Then enable the service as a user:

$ systemctl --user enable systemd-networkd-wait-online.service

Finally we can wait network online for podman, like this:

$ cat ~/.config/containers/systemd/my-app.container
[Unit]
Wants=network-online.target
After=network-online.target

reference link: https://unix.stackexchange.com/questions/216919/how-can-i-make-my-user-services-wait-till-the-network-is-online

WildPenquin commented 2 months ago

Hi,

Any idea for a workaround when using NetworkManager?

I tried to adapt @secext2022 's workaround, but the user service still "thinks" the Network is online approx. 7 seconds too early. I tried to change the parameter for nm-online by removing the -s, but the behavior is still the same.

dog /etc/systemd/user/network-online.target:

#  SPDX-License-Identifier: LGPL-2.1-or-later
#
#  This file is part of systemd.
#
#  systemd is free software; you can redistribute it and/or modify it
#  under the terms of the GNU Lesser General Public License as published by
#  the Free Software Foundation; either version 2.1 of the License, or
#  (at your option) any later version.

[Unit]
Description=Network is Online
Documentation=man:systemd.special(7)
Documentation=https://systemd.io/NETWORK_ONLINE
# After=network.target

/etc/systemd/user/NetworkManager-wait-online.service:

[Unit]
Description=Network Manager Wait Online for Users
Documentation=man:NetworkManager-wait-online.service(8)
Requires=NetworkManager.service
After=NetworkManager.service
Before=network-online.target

[Service]
# `nm-online -s` waits until the point when NetworkManager logs
# "startup complete". That is when startup actions are settled and
# devices and profiles reached a conclusive activated or deactivated
# state. It depends on which profiles are configured to autoconnect and
# also depends on profile settings like ipv4.may-fail/ipv6.may-fail,
# which affect when a profile is considered fully activated.
# Check NetworkManager logs to find out why wait-online takes a certain
# time.

Type=oneshot
ExecStart=/usr/bin/nm-online -q
RemainAfterExit=yes

# Set $NM_ONLINE_TIMEOUT variable for timeout in seconds.
# Edit with `systemctl edit NetworkManager-wait-online`.
#
# Note, this timeout should commonly not be reached. If your boot
# gets delayed too long, then the solution is usually not to decrease
# the timeout, but to fix your setup so that the connected state
# gets reached earlier.
Environment=NM_ONLINE_TIMEOUT=60

[Install]
WantedBy=network-online.target

journalctl -b0 | grep Online:

Jul 17 12:43:09 archnuke systemd[1]: Starting Network Manager Wait Online...
Jul 17 12:43:09 archnuke systemd[706]: Reached target Network is Online.
Jul 17 12:43:16 archnuke systemd[1]: Finished Network Manager Wait Online.
Jul 17 12:43:16 archnuke systemd[1]: Reached target Network is Online.

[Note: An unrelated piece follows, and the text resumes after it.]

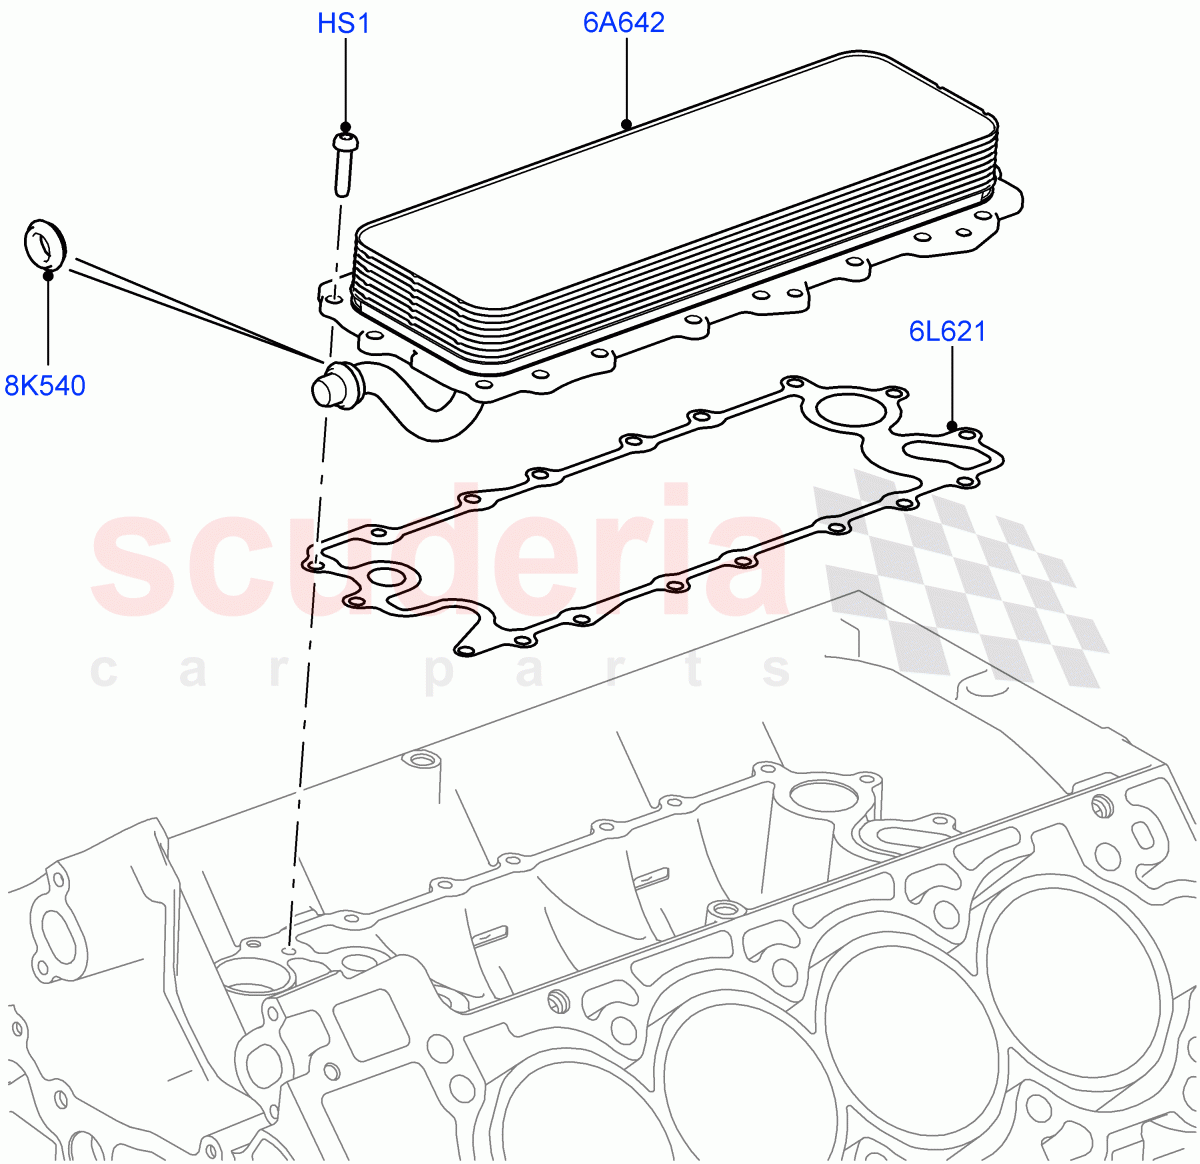 Oil Cooler And Filter(Oil Cooler)(5.0L OHC SGDI SC V8 Petrol - AJ133,5.0 Petrol AJ133 DOHC CDA,5.0L P AJ133 DOHC CDA S/C Enhanced)((V)FROMAA000001) of Land Rover Land Rover Range Rover (2010-2012) [5.0 OHC SGDI SC V8 Petrol]

The above is the system log, 12:43:09 is the user service. As the user running the podman container, LANG=C journalctl --user -b0 | grep Online:

Jul 17 12:43:09 archnuke systemd[706]: Reached target Network is Online.

Not sure why the NetworkManager-wait-online is not in the user log, it is enabled for the user:

systemctl --user status NetworkManager-wait-online.service 
○ NetworkManager-wait-online.service - Network Manager Wait Online for Users
     Loaded: loaded (/etc/xdg/systemd/user/NetworkManager-wait-online.service; enabled; preset: enabled)
     Active: inactive (dead)
       Docs: man:NetworkManager-wait-online.service(8)

As another workaround, I'm thinking for now adding to the Quadlet another dirty workaround: ExecStartPre=/bin/sh -c 'until ping -c1 google.com; do sleep 1; done;'

djarbz commented 2 months ago

I haven't used /etc/systemd/user, but my unit works, at least I haven't noticed an issue, when placed in ~/.config/Systemd/user.

secext2022 commented 2 months ago

Hi,

Any idea for a workaround when using NetworkManager?

I tried to adapt @secext2022 's workaround, but the user service still "thinks" the Network is online approx. 7 seconds too early. I tried to change the parameter for nm-online by removing the -s, but the behavior is still the same.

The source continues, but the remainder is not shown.